The data capacity gap: why the world is running out of data storage

Another forward-looking team at Harvard University's Wyss Institute later brainstormed their way to successfully storing 5.5 petabyes, or 700 terabytes, of digital data into a single gram of DNA.

TRP: Is Seagate developing any new storage solutions at the moment?

MW: Heat-assisted magnetic recording (HAMR) is one new technology that Seagate is investing in. This method uses lasers to first heat the high-stability media before magnetically recording data. HAMR is expected to increase the limit of magnetic recording by more than a factor of 100 and this could theoretically result in storage capacities as great as 50 terabits per square inch – current hard drives generally have a capacity of a only few hundred gigabits per square inch.

To put this in perspective, a digital library of all books written in the world would be approximately 400 TB – meaning that in the very near future conceivably all such books could be stored on as few as 20 HAMR drives.

While these technologies are still some way from our desks and data centres, these advances and others like them are certainly on their way. Innovation combined with the plunging cost of components is ultimately what's needed if we are to keep up with the world's growing demand for data storage.

TRP: Will CIOs need to supplement existing storage resources?

MW: CIOs certainly need to consider the implications of a data capacity gap for their business and address it by thinking strategically and longer-term with regards to their storage resources.

Typical big data resides on traditional disk storage, using standard hardware and software components. Since companies began to store information, a large amount of standard infrastructure has built up around the process. Data centres today include legacy components comprised of hardware and software stack components.
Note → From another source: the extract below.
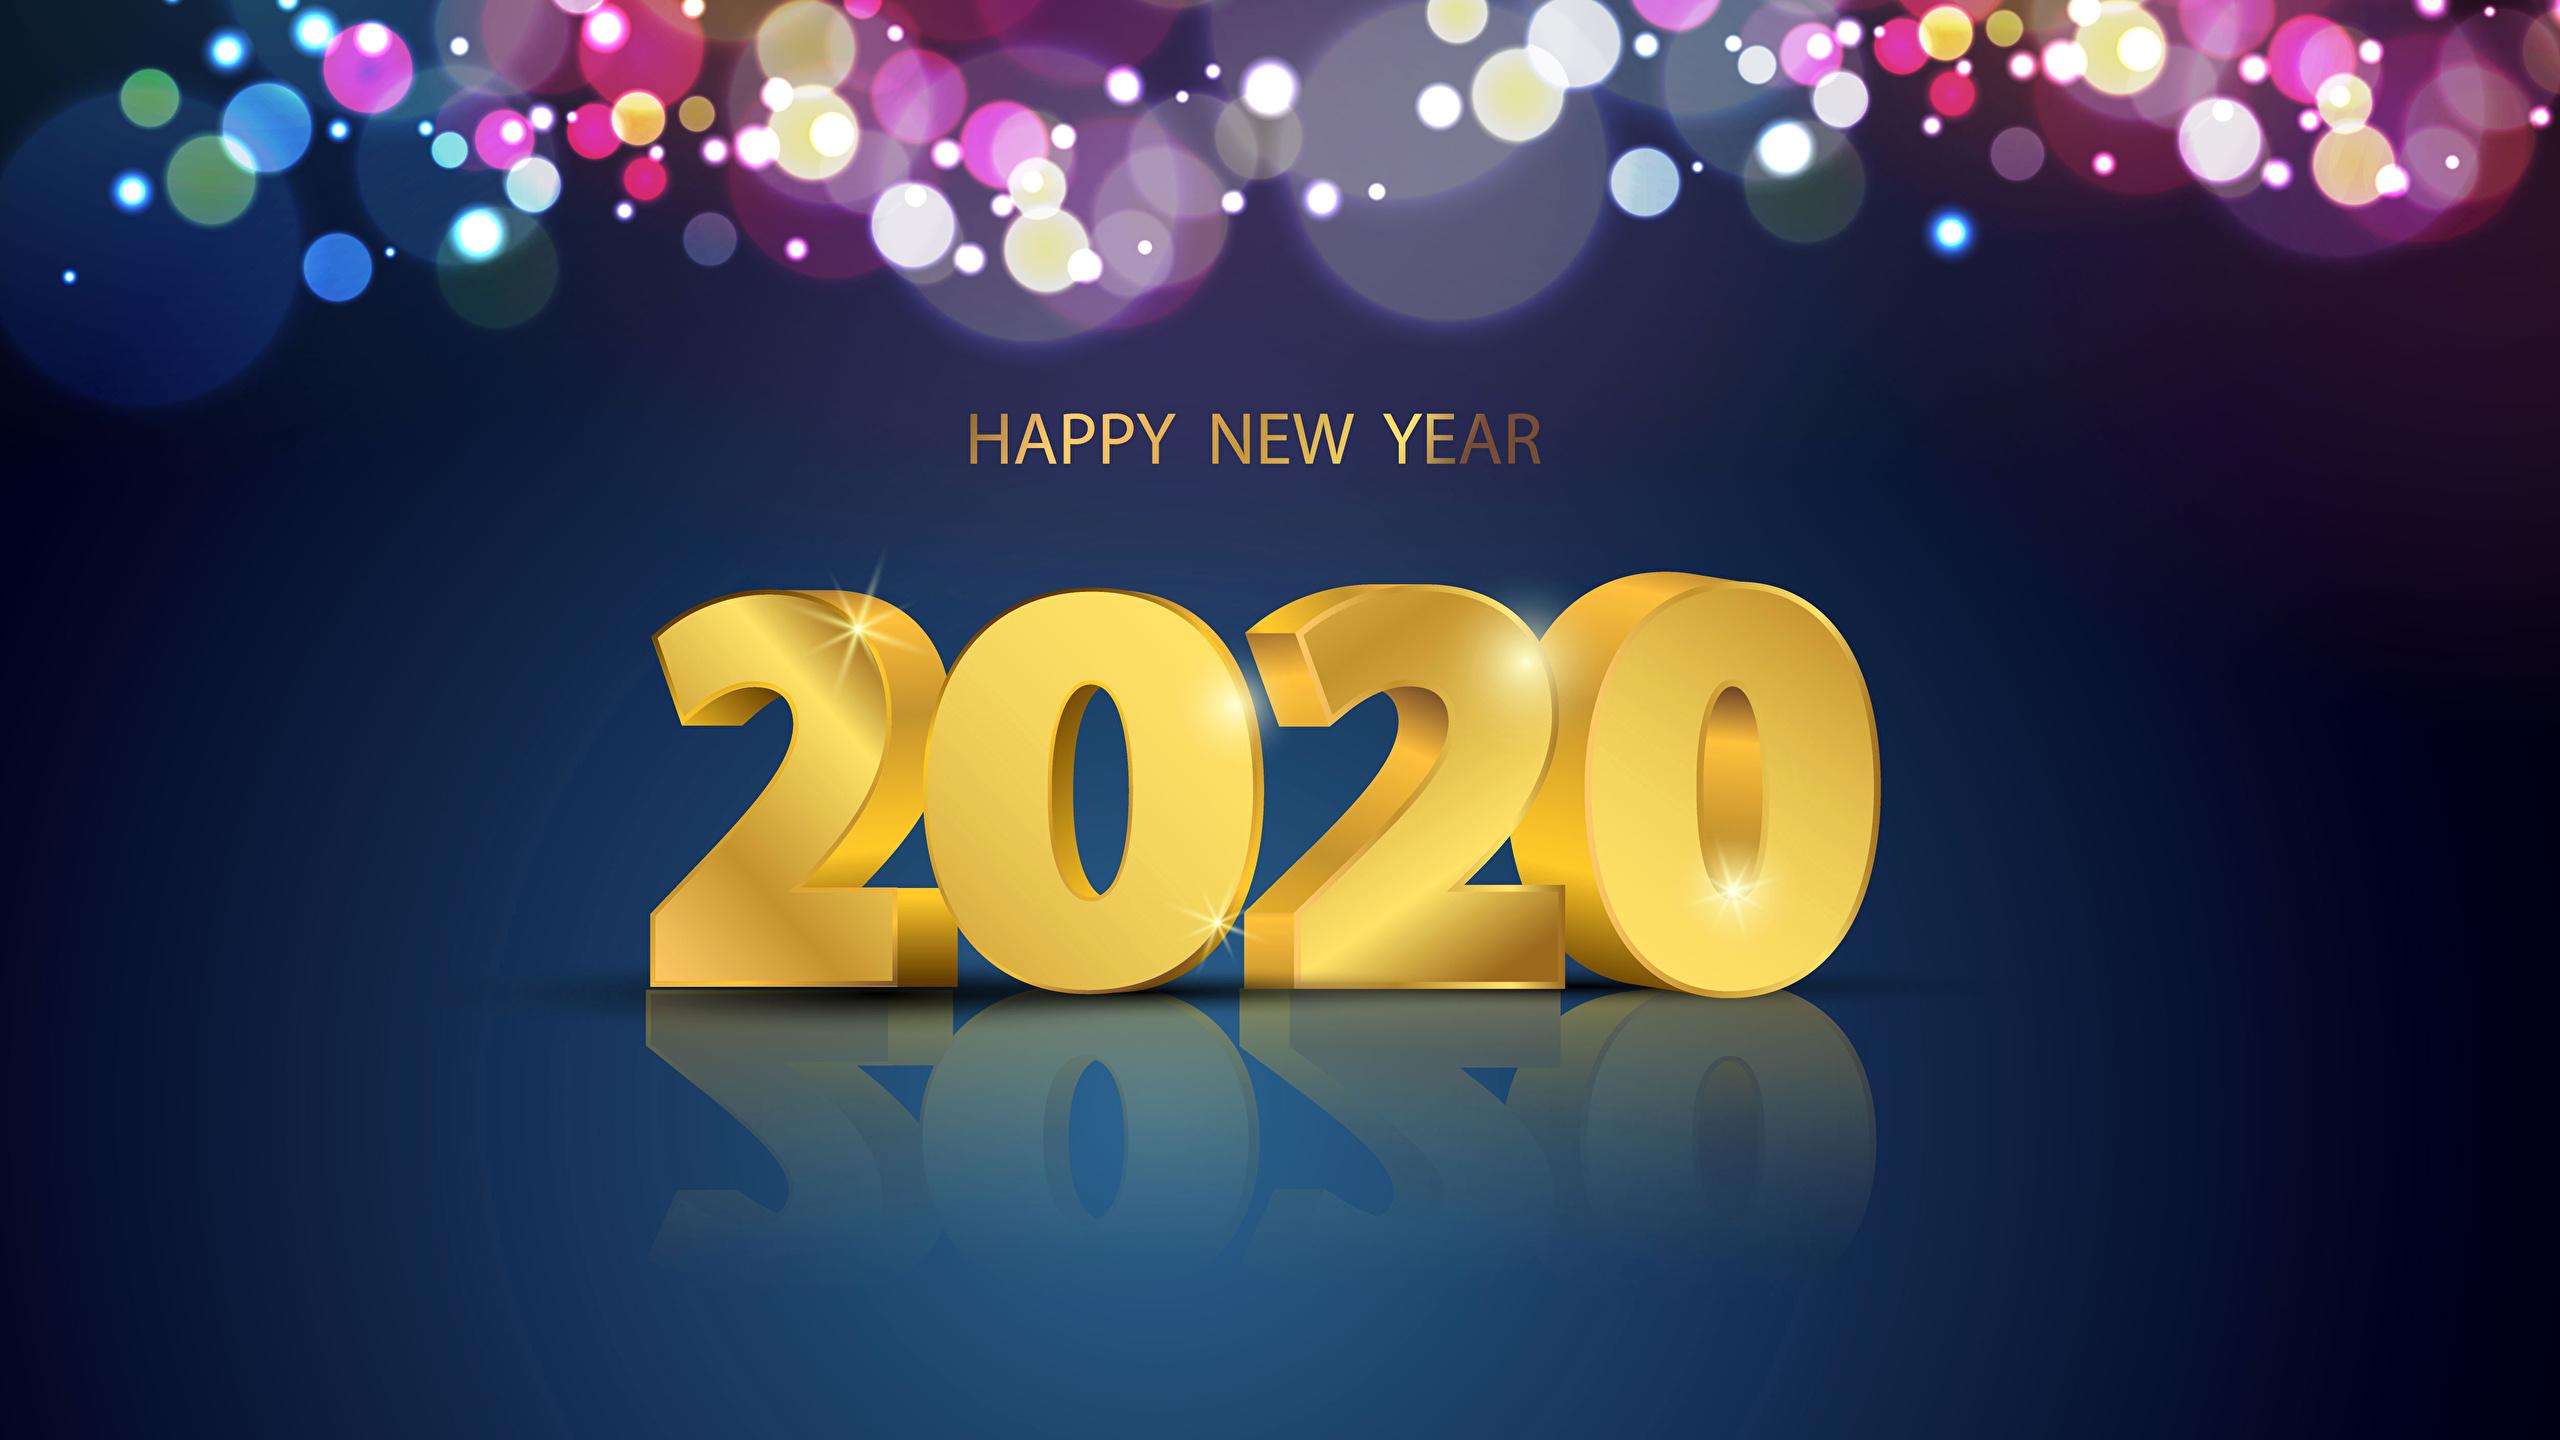 壁紙 2560x1440 新年 単語 2020 英語 ダウンロード 写真

This approach is highly inefficient – in a single system there will often be several unsynchronised components caching the same data, each working independently, but with very poor results. In order for a company to get to a better cost and efficiency model, to match the requirements in the future, a better solution must be put in place.
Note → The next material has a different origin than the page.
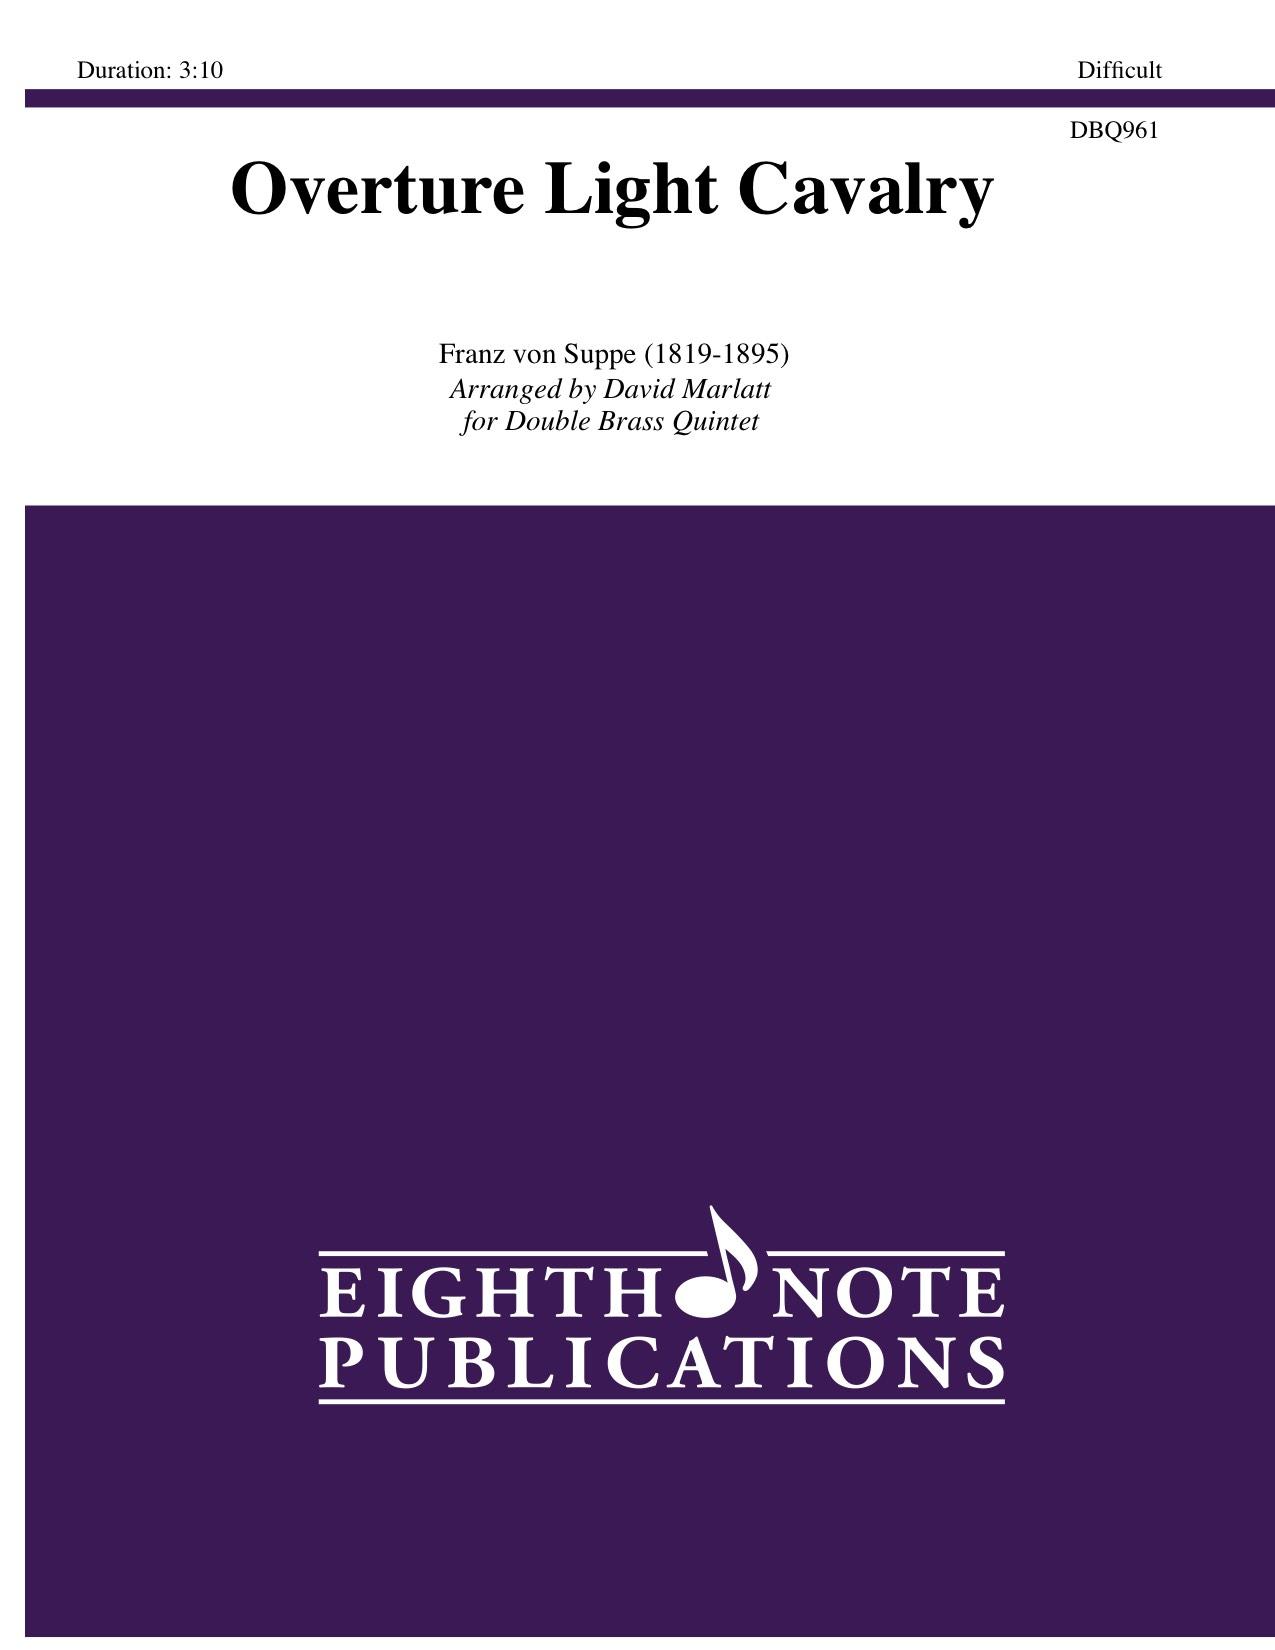 軽騎兵序曲(フランツ・フォン・スッペ)(金管十重奏)【Overture Light Cavalry】

One of the latest big data storage methods is a tiered model using existing technologies. This model utilises a more efficient capacity-tier based on pure object storage at the drive level. Above this sits a combination of high performance HDD (hard disk drives), SSHD (solid state hybrid) and SSD (solid state drives).
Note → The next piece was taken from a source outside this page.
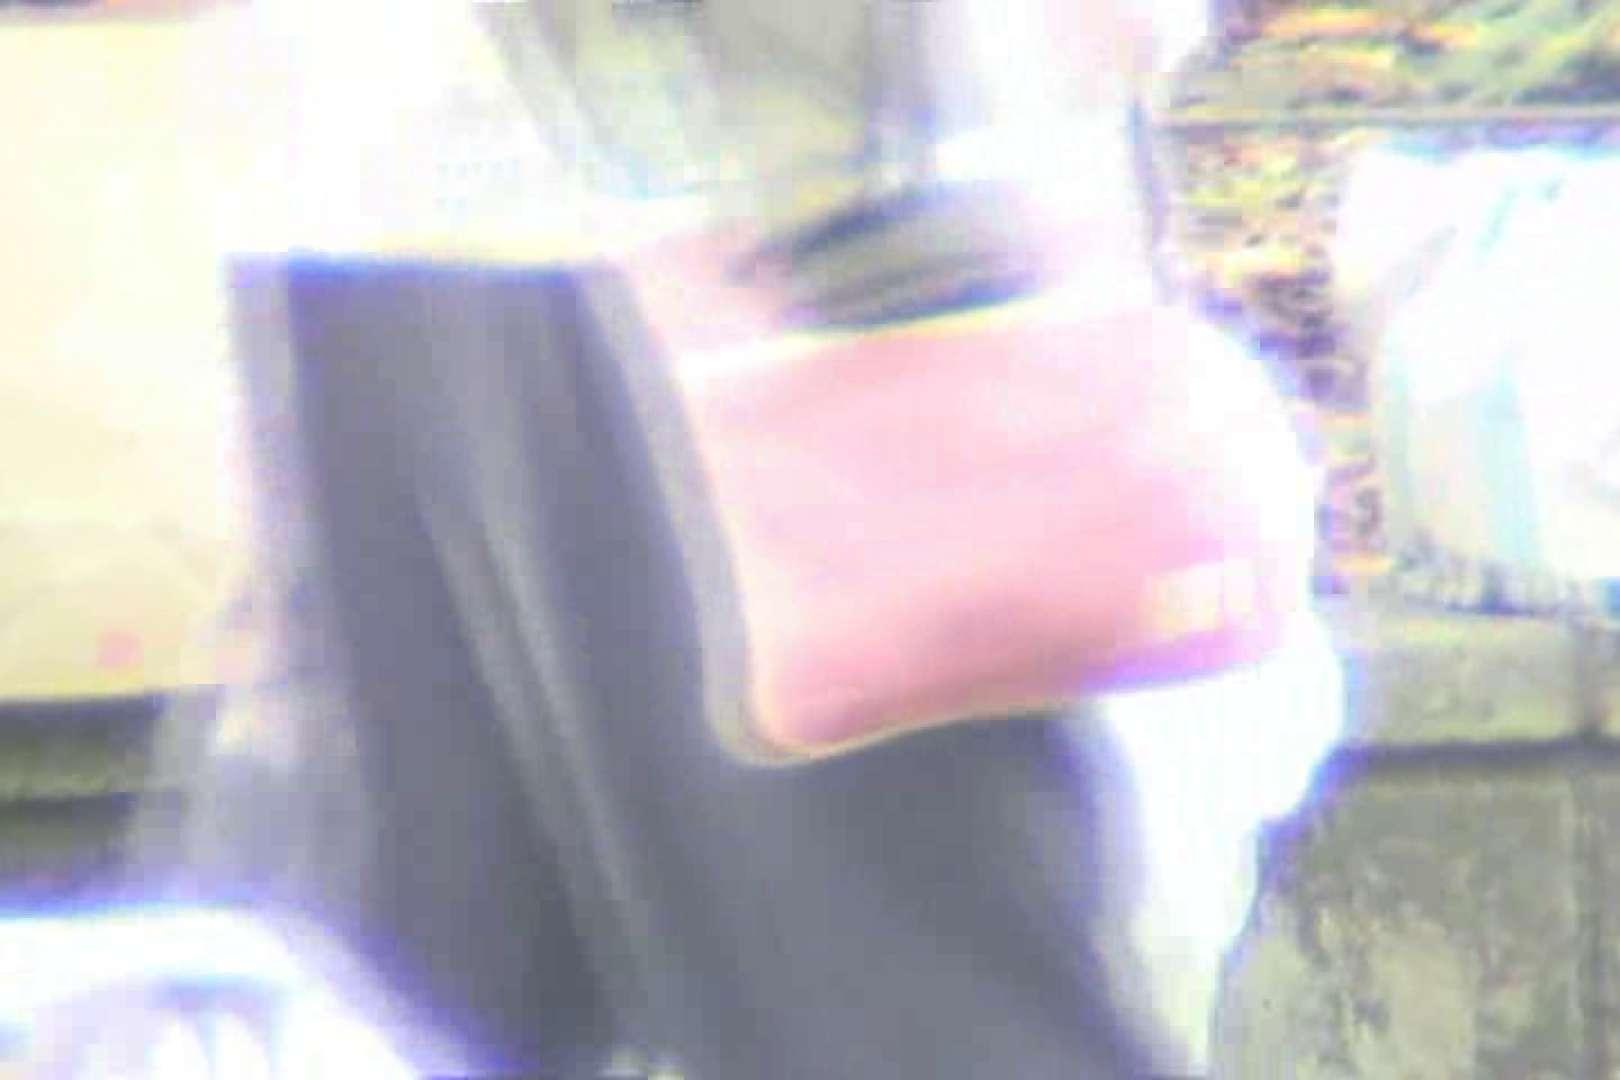 超最新版!春夏秋冬 vol.04 美しいOLの裸体 AV無料動画キャプチャ 97pic 79

SSHD hybrid technology such as this has been used successfully in laptops and desktop computers for years but today it is only just beginning to be considered for enterprise-scale data centres. This new method allows the most critical data to sit on the more expensive SSDs or hybrids, where it is easy and quick to access and well-placed to be processed by analytics platforms, while the less valuable metadata sits on cheaper HDDs where it is still available and secure, but slower to access.

This potential part-solution to the data capacity gap is part of a growing trend for larger, more efficient data centres. That the world has grown from a planet producing just under one zettabyte per annum back in 2009, to potentially well over 44 in 2020, is truly astounding. Managing this – whether you're a technologist responsible for managing data, a business user who has the task of analysing it, or a consumer trying to manage the flood of your own digital information – will be an interesting challenge for all of us.